Since that's a requirement of most PITR setups, I'm not sure your 
workaround accomplishes what you really want.  More on why that is below.

Here's the original thread I started.

http://archives.postgresql.org/pgsql-general/2007-05/msg00673.php

Briefly, I don't need PITR proper, it may be even harmful in my case. 
The data on the db may be tied to the data on the filesystem in ways 
unknown to me... think of some kind of custom CMS. I'm able to restore 
.html, .php, .png or whatever files as they were at backup time (say, 
2:00AM). All I need to do with PG backups is restoring db contents at 
the same time (almost). The only point in time I'm interested in is 
backup time, so to say.

Restore would be done the usual way, extracting both the archives, 
maybe adding WAL segments from the crashed pg_xlog. Whether I need to 
configure a fake restore command I have still to find out.

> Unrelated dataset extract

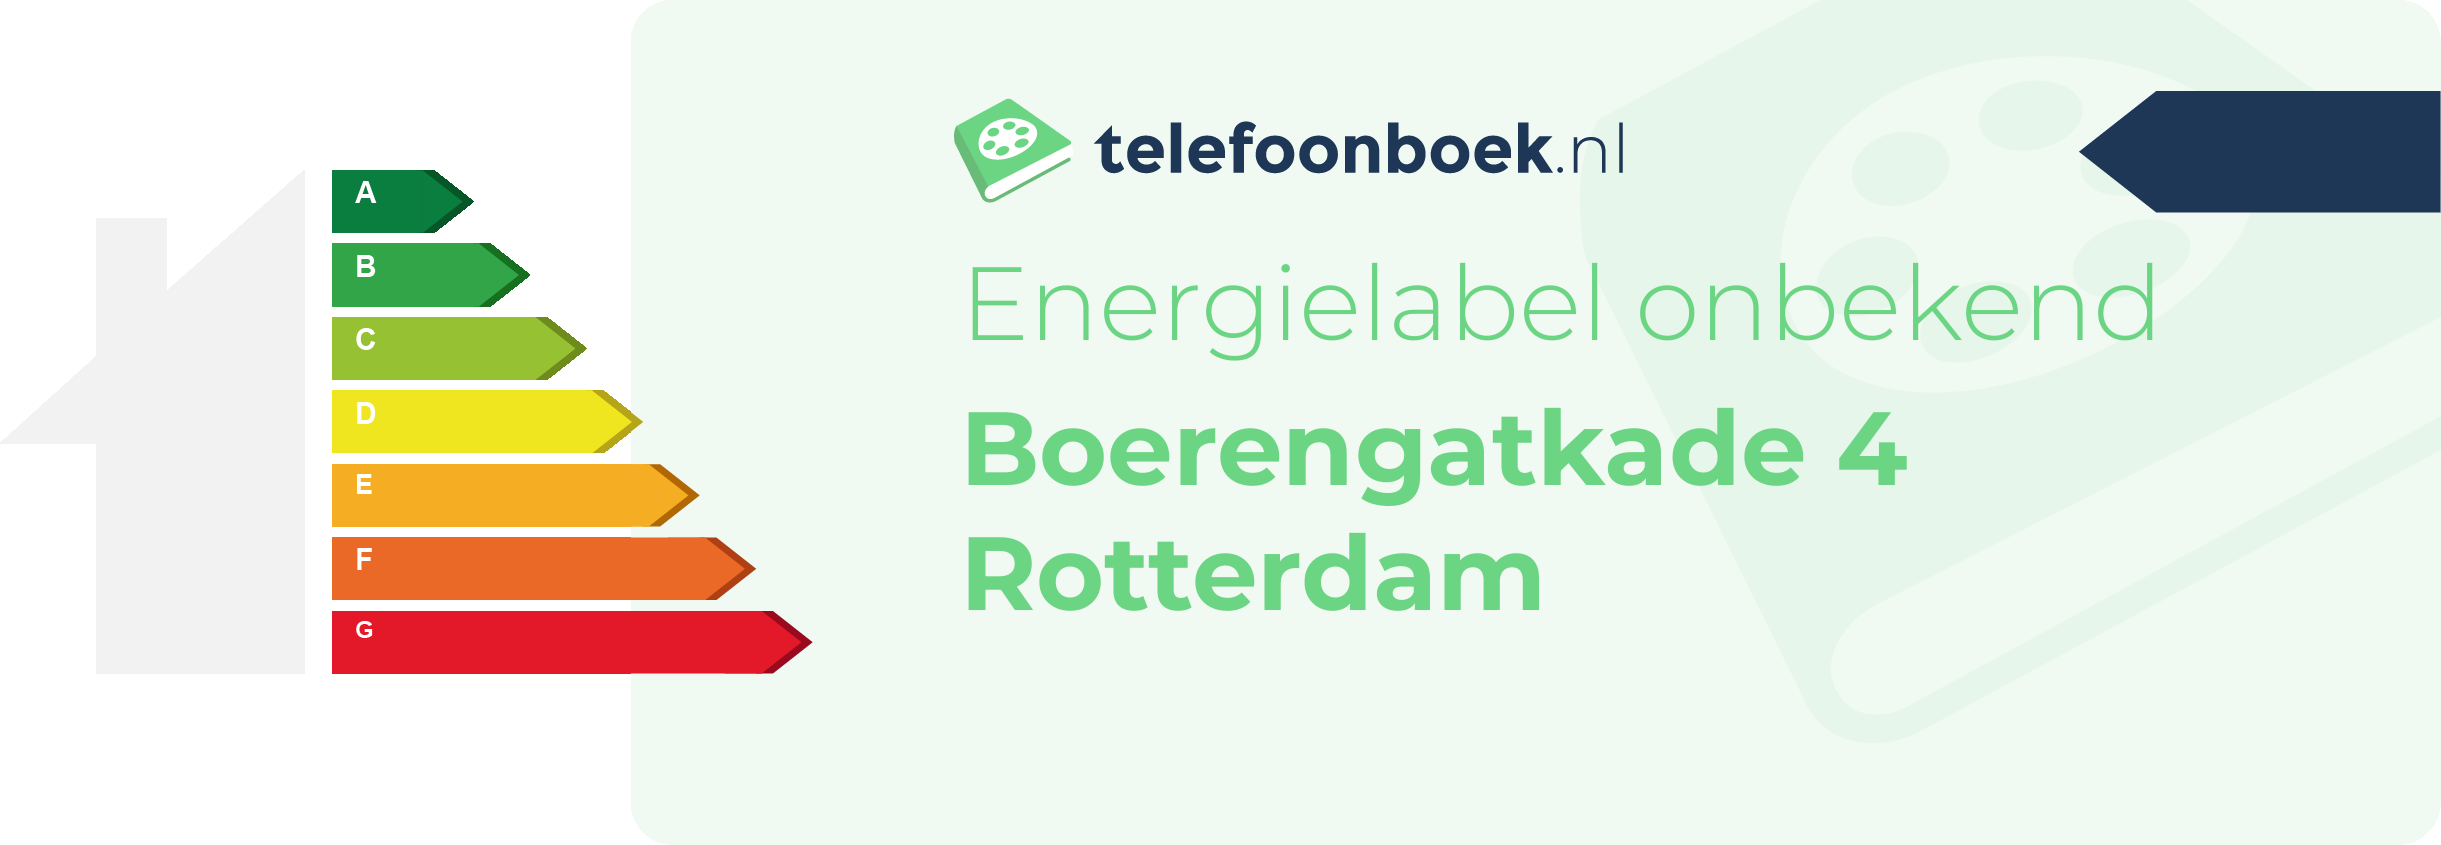 Energielabel Boerengatkade 4 Rotterdam

This won't work, and resolving it will require going to grips with the 
full archive logging mechanism rather than working around it the way you 
suggest above.

This is interesting. Why won't it work exactly? Let's say I trick PG in 
thinking it's a recover from backup+archived wal. It'll find all 
segments it needs (and no more) already in pg_xlog. I expect it to just 
use them. Maybe I'd need to configure /bin/false as restore_command. Or 
maybe just something like 'test -f /var/lib/pgsql/data/pg_xlog/%f' (true 
if the file is already there). I'll have to experiment, but I don't see 
any major problem right now. The files are already there.

Every time the server hits a checkpoint, it recycles old WAL 
segments--renames them and then overwrites them with new data.  The 
first time your database hits a checkpoint after your backup is done, 
you will have lost segment files such that it's impossible to recover 
the current state of the database anymore.  You'll have the first part 
of the series (from the base backup), the last ones (from the current 
pg_xlog), but will be missing some number in the middle (the recycled 
files).

Sure, now I see what you mean, but I was under the assumption of very 
low database activity, in may case, it'a about 2 wal segments/day. I 
usually see files in my pg_xlog that are 2 days old, so there won't be 
any missing segments. And anyway, the ability to recover at some time 
after the backup is just a plus. I don't need it. In case of a complete 
crash, I'm going to restore the whole system as it was at backup time. 
And if only the PG datadir gets corrupted later, and I want to try and 
recover it as it was at that later time, still I have a 99% chance of 
being able to do so, due to very low write activity. And if that fails, 
because of some uncommon write activity right at that inconvenient time, 
I can just fall back to the case of a complete system crash. The chances 
of that happing are possibly lower of those of a system crash, so I'm 
not worried about it.

I think that all we want is a backup that is immediately usable, w/o 
waiting for the WAL segment it relies on to be archived. That is, if 
taken at 2:00AM, it may be used to recover a crash at 2:10AM (assuming 
the backup process ended by that time, of course).

If you need *both* a "full backup" *and* PITR, just add a real cp to the 
archive_command above. The important part is to return failure during 
the backup process, I think.

.TM.